Question

What are the values of three integers \( a, b, \) and \( c \)? I. \( ab = 8 \)
I II. \( bc = 9 \)

• A. If the question can be answered with the help of statement I alone
• B. If the question can be answered with the help of statement II alone
• C. If both, statement I and statement II are needed to answer the question
• D. If the question cannot be answered even with the help of both the statements

Hint:

If you have more variables than equations, you often need all statements to narrow down the solution.

Answer 1

The Correct Option is C

We are given two equations involving three variables:
I. \( ab = 8 \)
II. \( bc = 9 \) From I: Possible integer factor pairs for 8 are:
\( (1, 8), (2, 4), (-1, -8), (-2, -4), (4, 2), (8, 1), (-4, -2), (-8, -1) \) From II: Factor pairs for 9 are:
\( (1, 9), (3, 3), (-1, -9), (-3, -3), (9, 1), (-9, -1) \) To determine values of \( a, b, c \), we need a common value of \( b \) from both statements.
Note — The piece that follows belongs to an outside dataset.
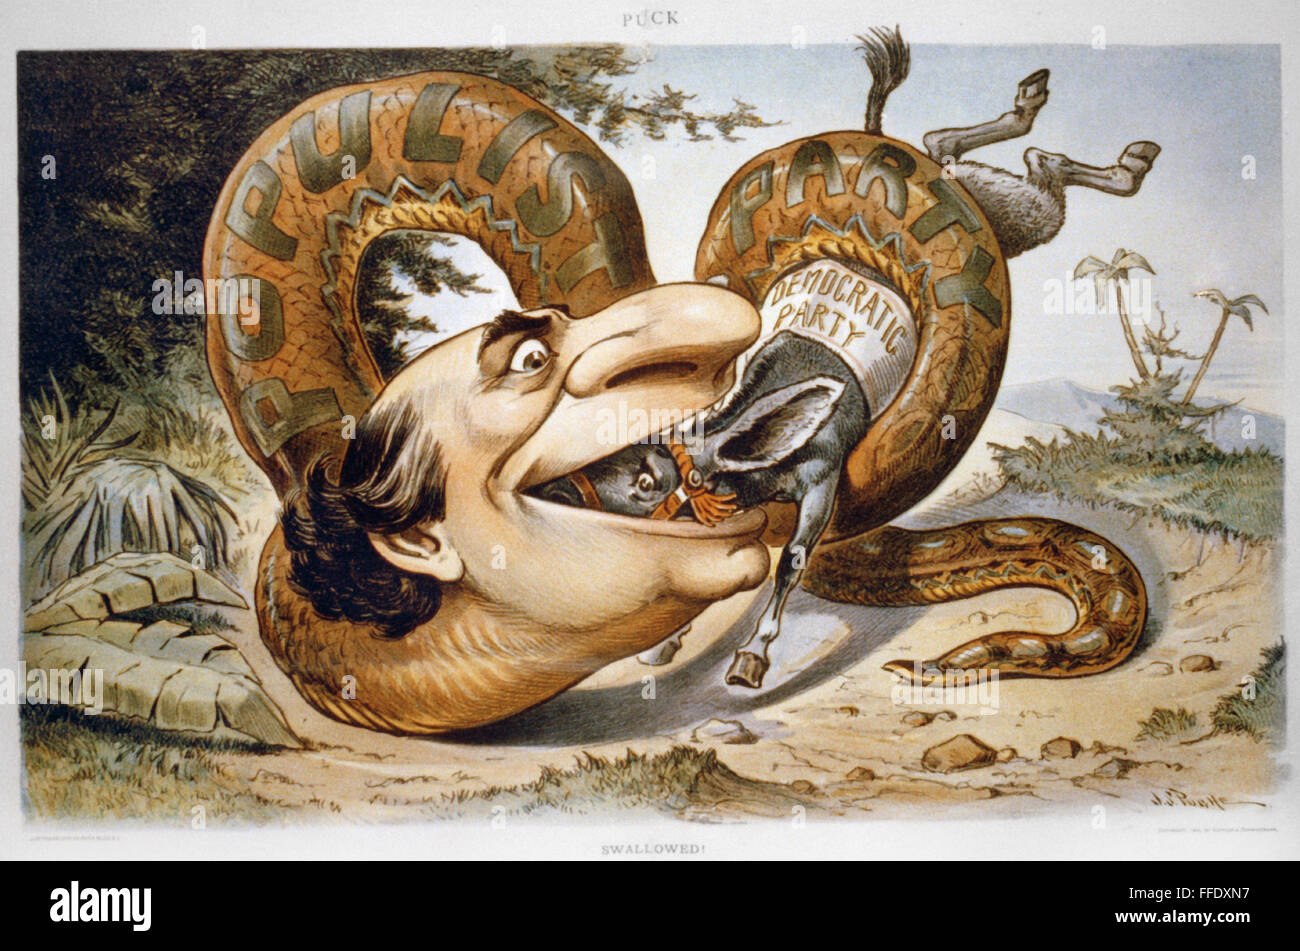 POPULIST PARTY CARTOON. /n'Swallowed!' American political cartoon showing a python snake with the head of William Jennings Bryan, as the Populist Party, swallowing the Democratic Party donkey, 1900. Stock Photo

Example: Try \( b = 2 \): from I, \( a = 4 \) (since \( ab = 8 \)); from II, \( c = 4.5 \) (non-integer) Try \( b = 3 \): then from I, \( a = 8/3 \) (not integer) Try \( b = 1 \): then \( a = 8 \), \( c = 9 \) → all integers, works!
So one possible solution: \( a = 8, b = 1, c = 9 \) Try other consistent values to ensure uniqueness.
Check \( b = -1 \): then \( a = -8 \), \( c = -9 \) → valid integer triple.
So multiple valid integer triplets exist. But unless both statements are used together, no unique solution for all three values can be determined.
Therefore, we need both statements together to identify valid sets of integer values for \( a, b, c \).